The mistake was using link state as my health signal. "Is the cable plugged in" is not the same question as "can I reach the internet", and the gap between them is exactly where the annoying failures live. A modem that's powered but not syncing, an upstream outage at the ISP, a routing fault three hops away: the interface stays green through all of it.
The fix was to probe real targets instead. On OPNsense the gateway monitoring lets you set a monitor IP per gateway, so I point each WAN at something well outside my ISP, a couple of public resolvers on different networks, and the dpinger daemon watches latency and loss continuously. When the probes stop coming back, the gateway is marked down and the failover policy actually triggers, regardless of what the link layer claims.

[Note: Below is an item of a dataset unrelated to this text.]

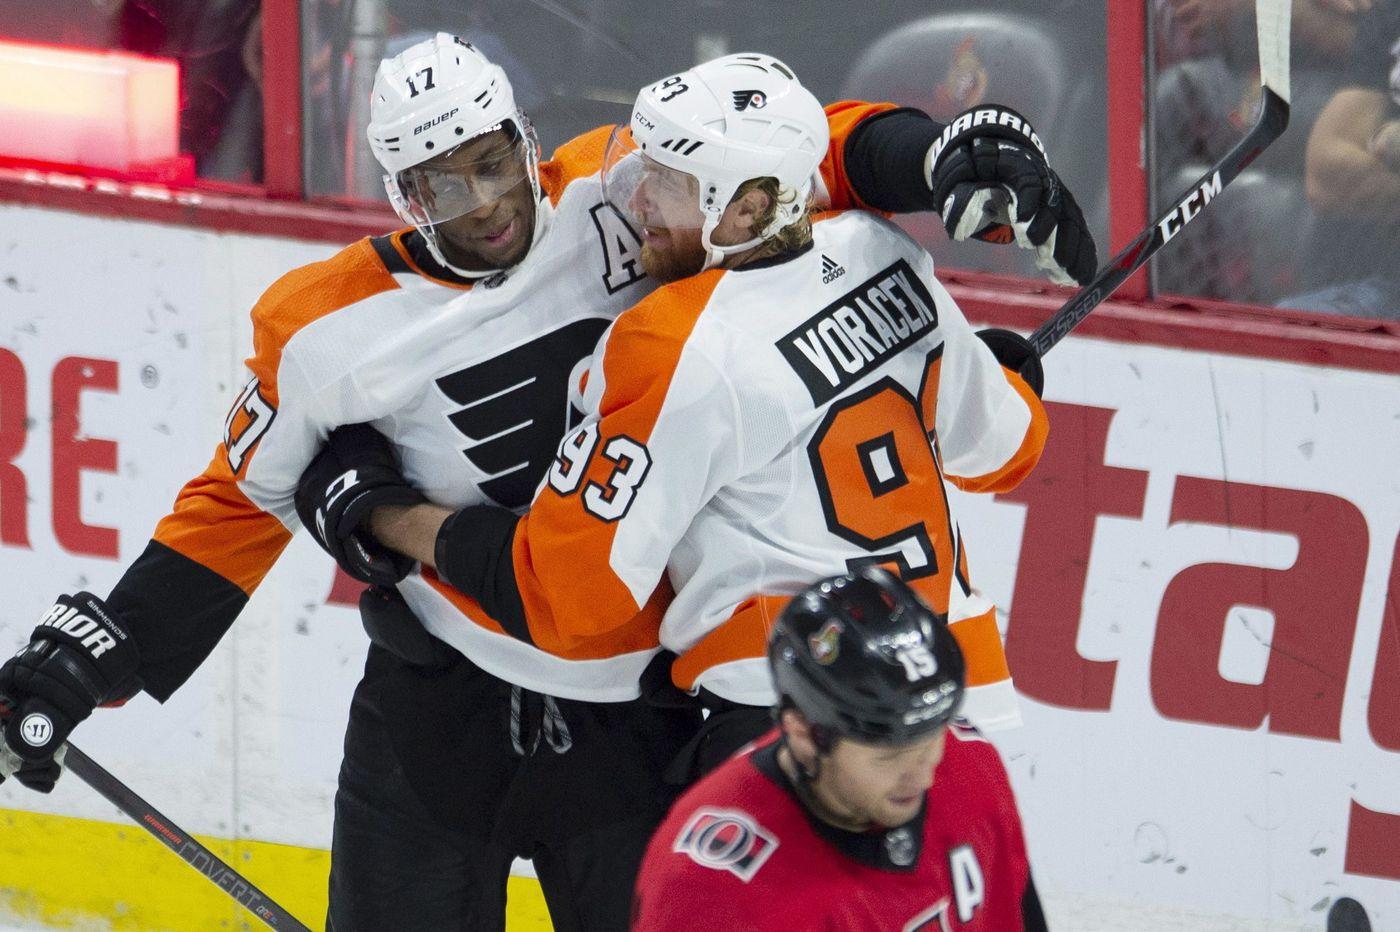 Voracek's 5-point night propels Flyers past Senators

Two details that mattered. Pick monitor targets that aren't going to vanish and aren't on a path you share with the thing you're testing, or you'll get false positives. And test it by pulling the upstream, not the cable, because pulling the cable only proves the easy case you already had working. The first time I yanked the primary's modem power and watched traffic shift across without dropping my SSH session, it finally felt earned.